Both my husband and I are very much family and we love being surrounded by those we love. But we live far from everyone, including our parents. Therefore, our son’s contact with his grandparents is not daily.
There are days when it is very difficult not to have grandparents around, not to have someone to count on, to share the pains and joys of motherhood with. Some days we feel more than others, like our son’s first June party. Unfortunately none of them can be here, and we would love them to be. But the choice to live far away was ours, and each decision comes with some renunciations.
To dodge the lack that grandchildren feel of having their grandparents around, here are some tips:
– Let your children have a constant presence – even if virtually – with their grandparents, so they’ll bond and play with them, even online;
– When the bar squeezes, ask for help! In my case, I asked for help on vacation, and it was very good! The grandparents were able to spend some time here and collaborate, paying attention to our son while we worked;
– When grandparents are with the children, make every moment worthwhile: forget television, cell phone, lay on the floor, play hide and seek, let them get dirty with mud… Anyway, let grandparents be children again with their grandson, those moments will be unforgettable, for both parties!

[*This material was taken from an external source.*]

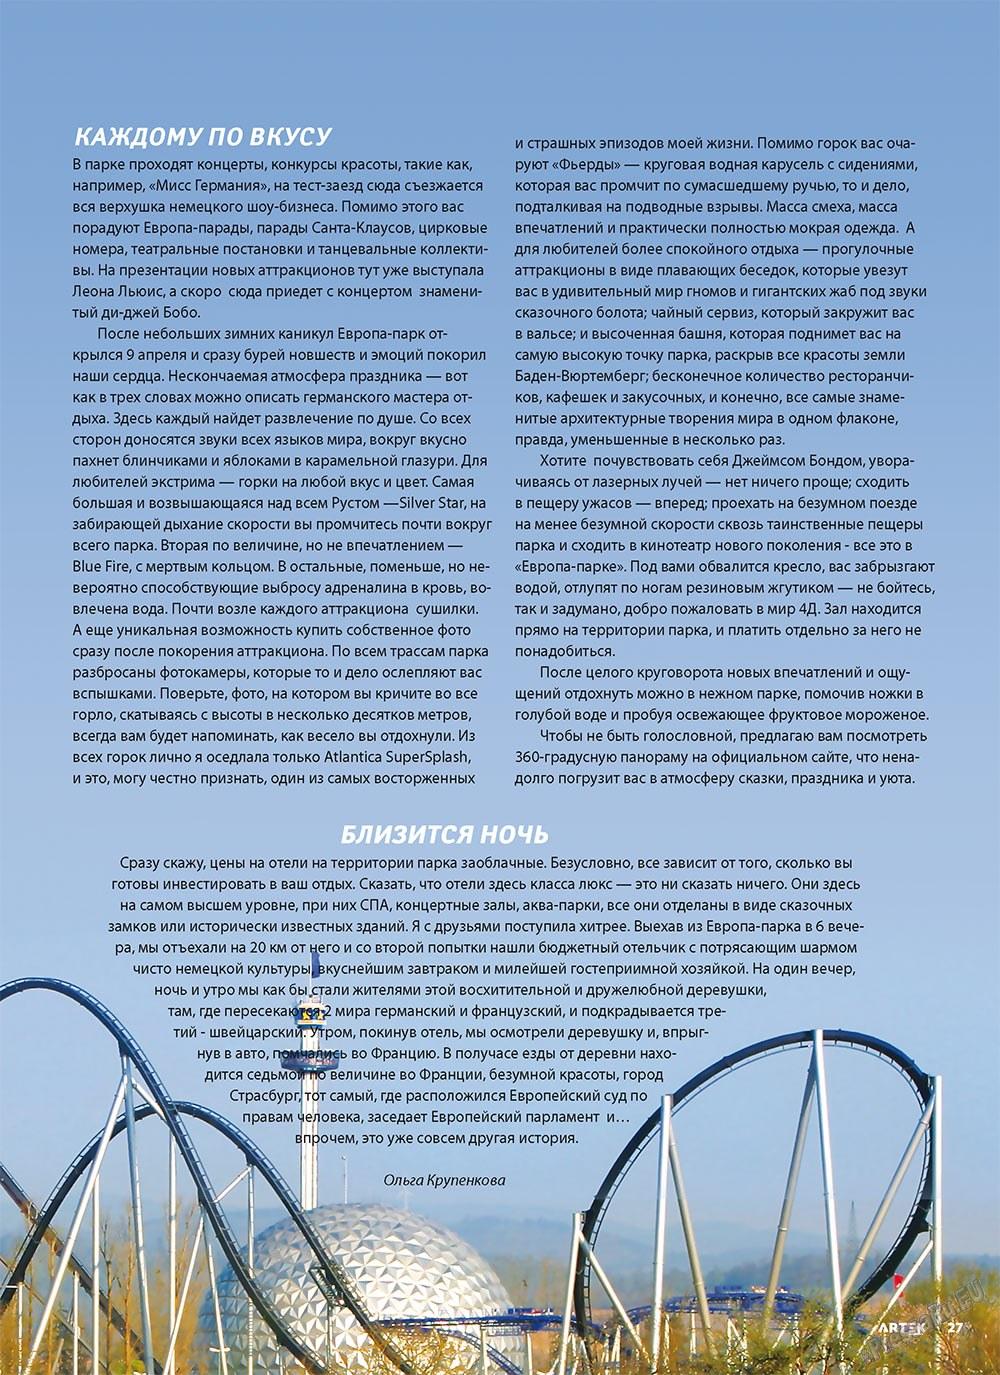 Артек (журнал). 2011 год, номер 2, стр. 29

– We know that many things were different at the time when we parents were children, and our own relationship with our grandparents. But one thing is certain: nothing is easier (and more productive) than to respect family decisions.

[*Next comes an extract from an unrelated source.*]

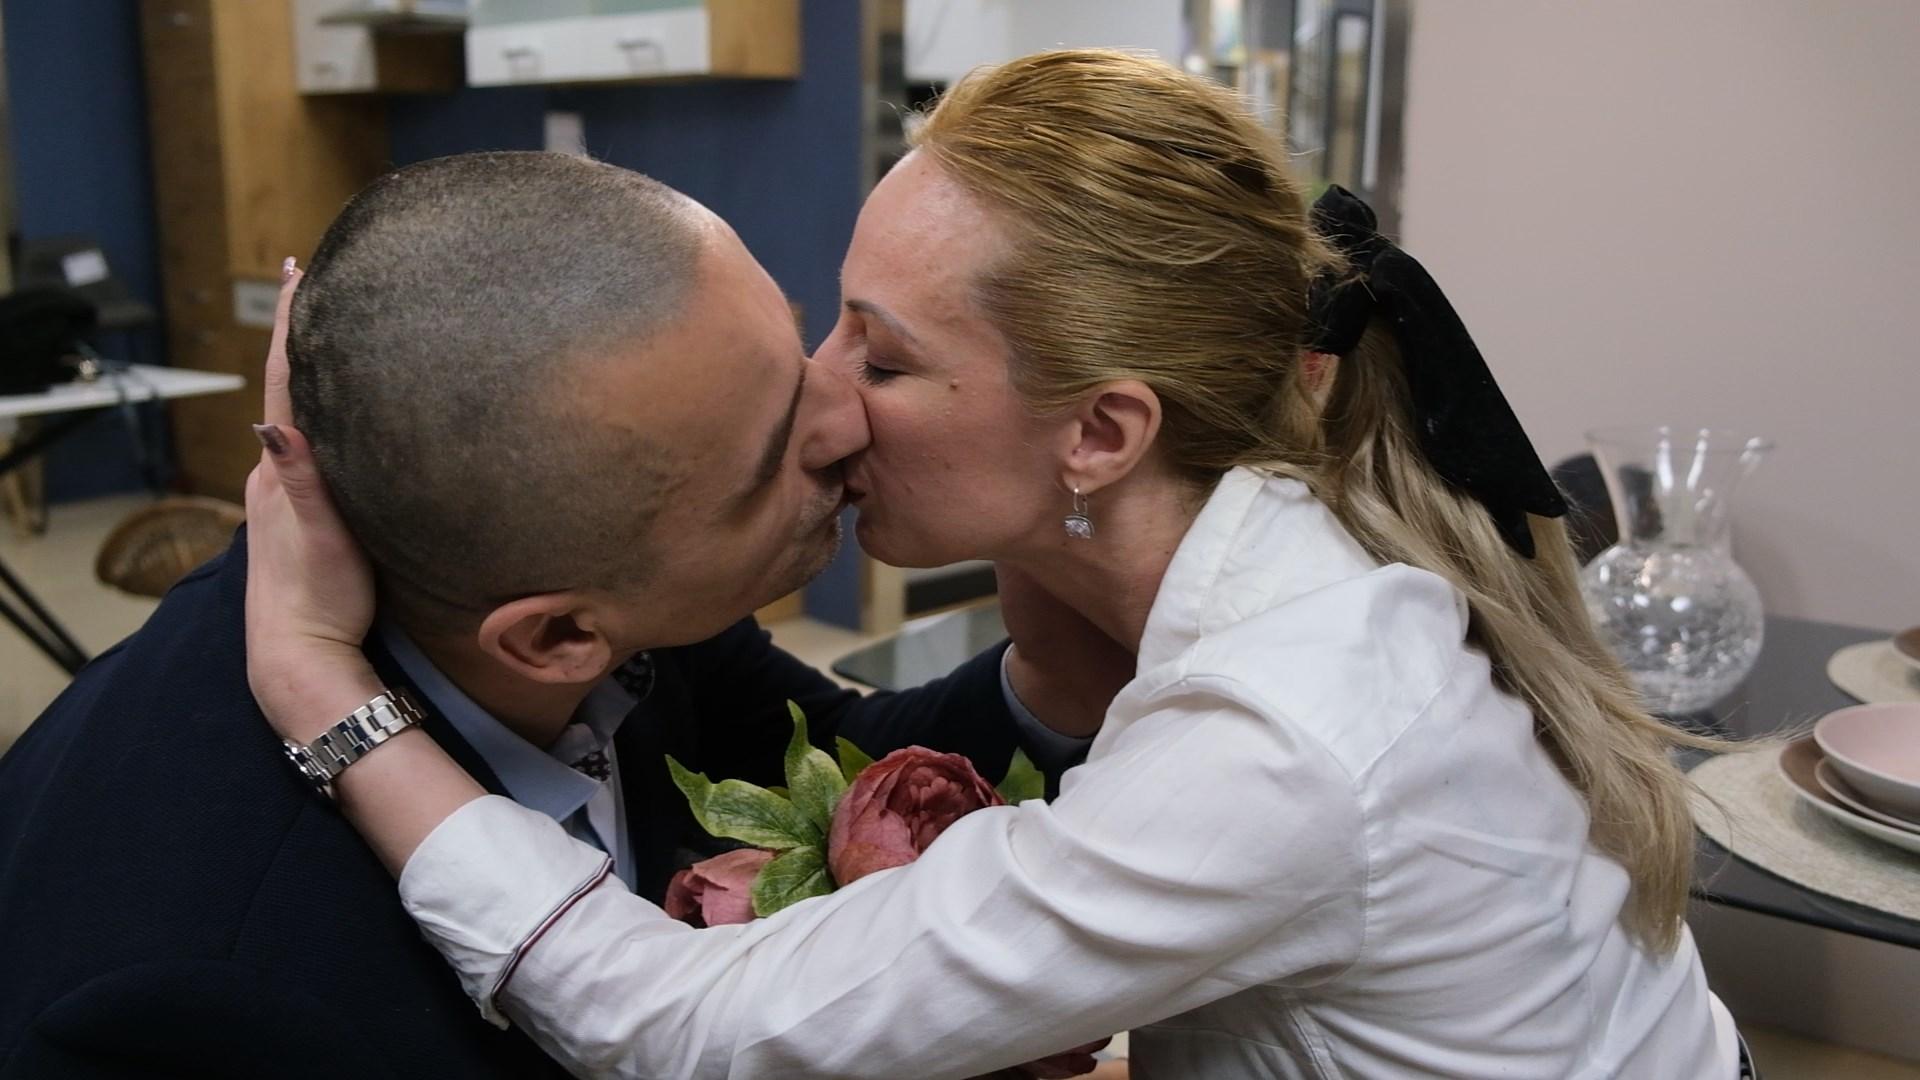 Extravagant couple: Ines i Marko Krečak

Living without grandparents around can be a challenge to overcome. Not having a support network makes our children even more attached to us, especially when they are younger. As time goes by they understand the affection dedicated to them, even if it takes longer to see each other and the relationship develops naturally. Finally, I can only wish a Happy Grandparents’ Day to these enlightened beings, with color in the lives of our children and always help us in the moments we most need.

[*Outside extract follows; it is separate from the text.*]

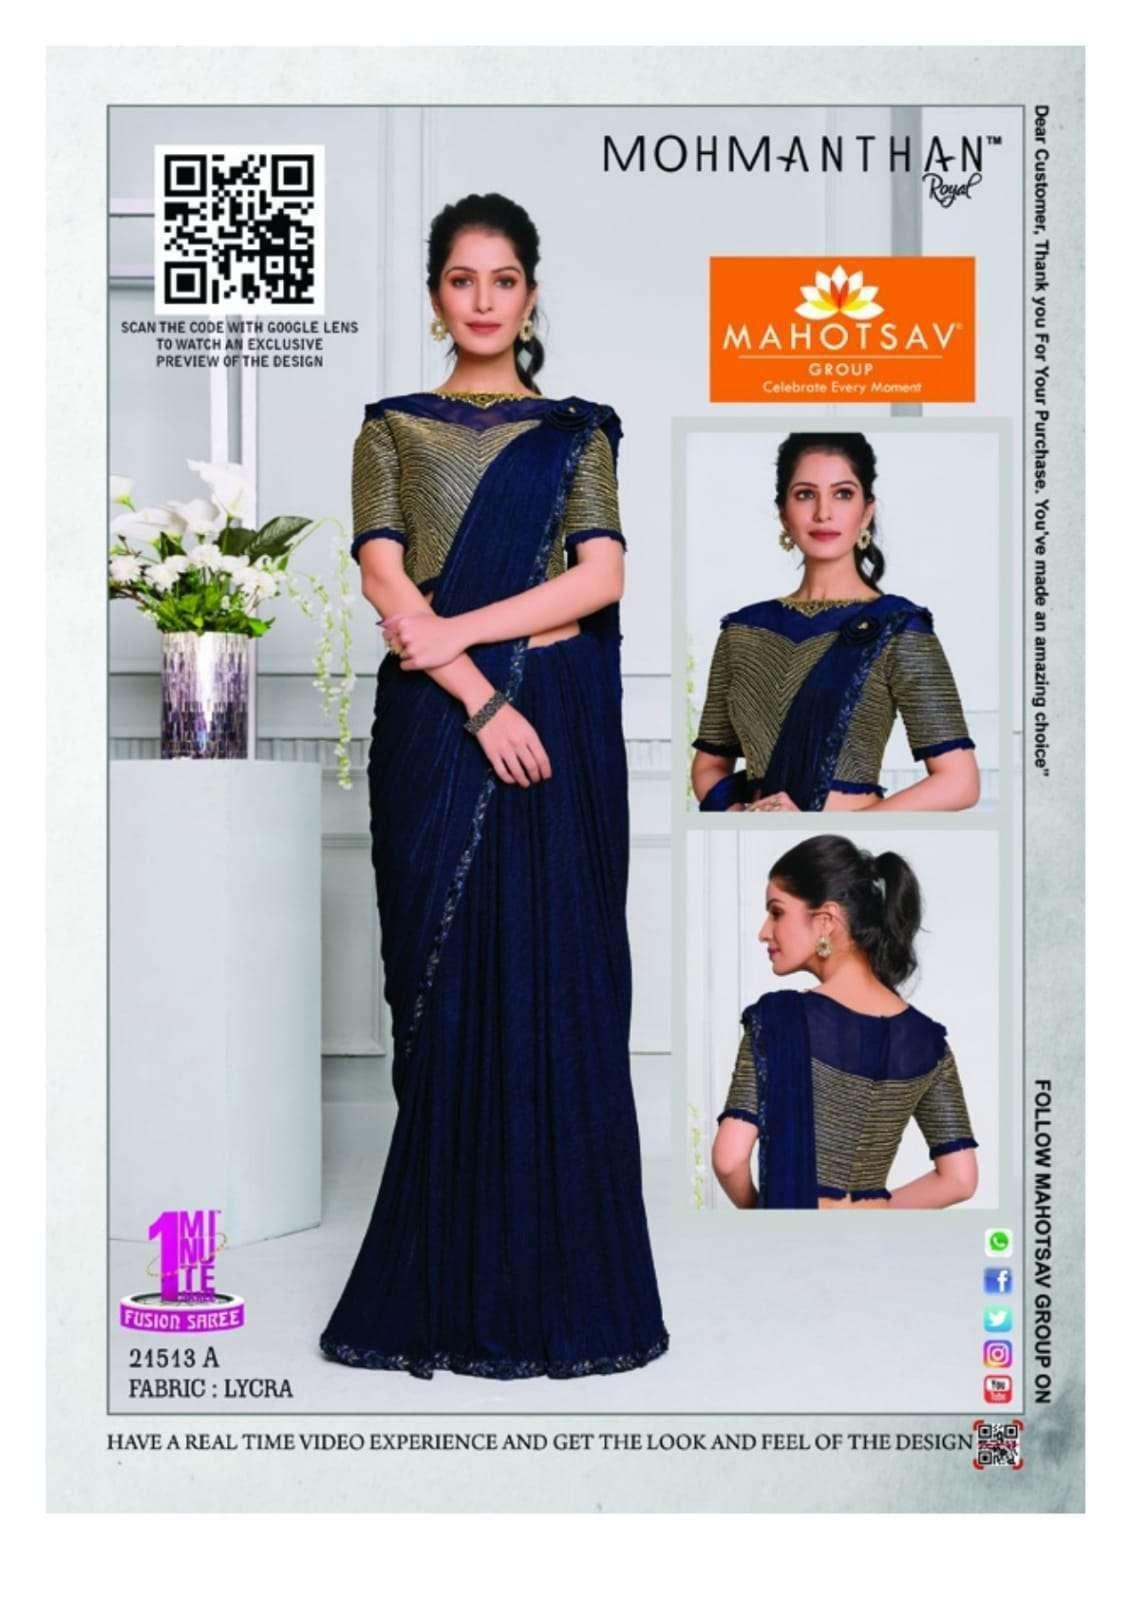 Mahotsav Moh Manthan Izzara 21501 To 215018 Series Fancy Designer Sarees Collection 21513

Article, by Priscilla Kalil
Priscilla Kalil is mNicolas’ mother, physiotherapist, beautician, neurologist, entrepreneur and CEO and pilates instructor at Studio KaPri. Graduated 13 years ago from Universidade Metodista de São Paulo, she has traveled the world working with body treatments. She has lived in Perth, Australia, and her return to Brazil eight years ago had a reason: longing for her family. This is a subject that goes hand in hand with the universe of motherhood, subjects that Priscilla masterfully dominates. Author of Materhood, the best place for mother talks, without any judgment.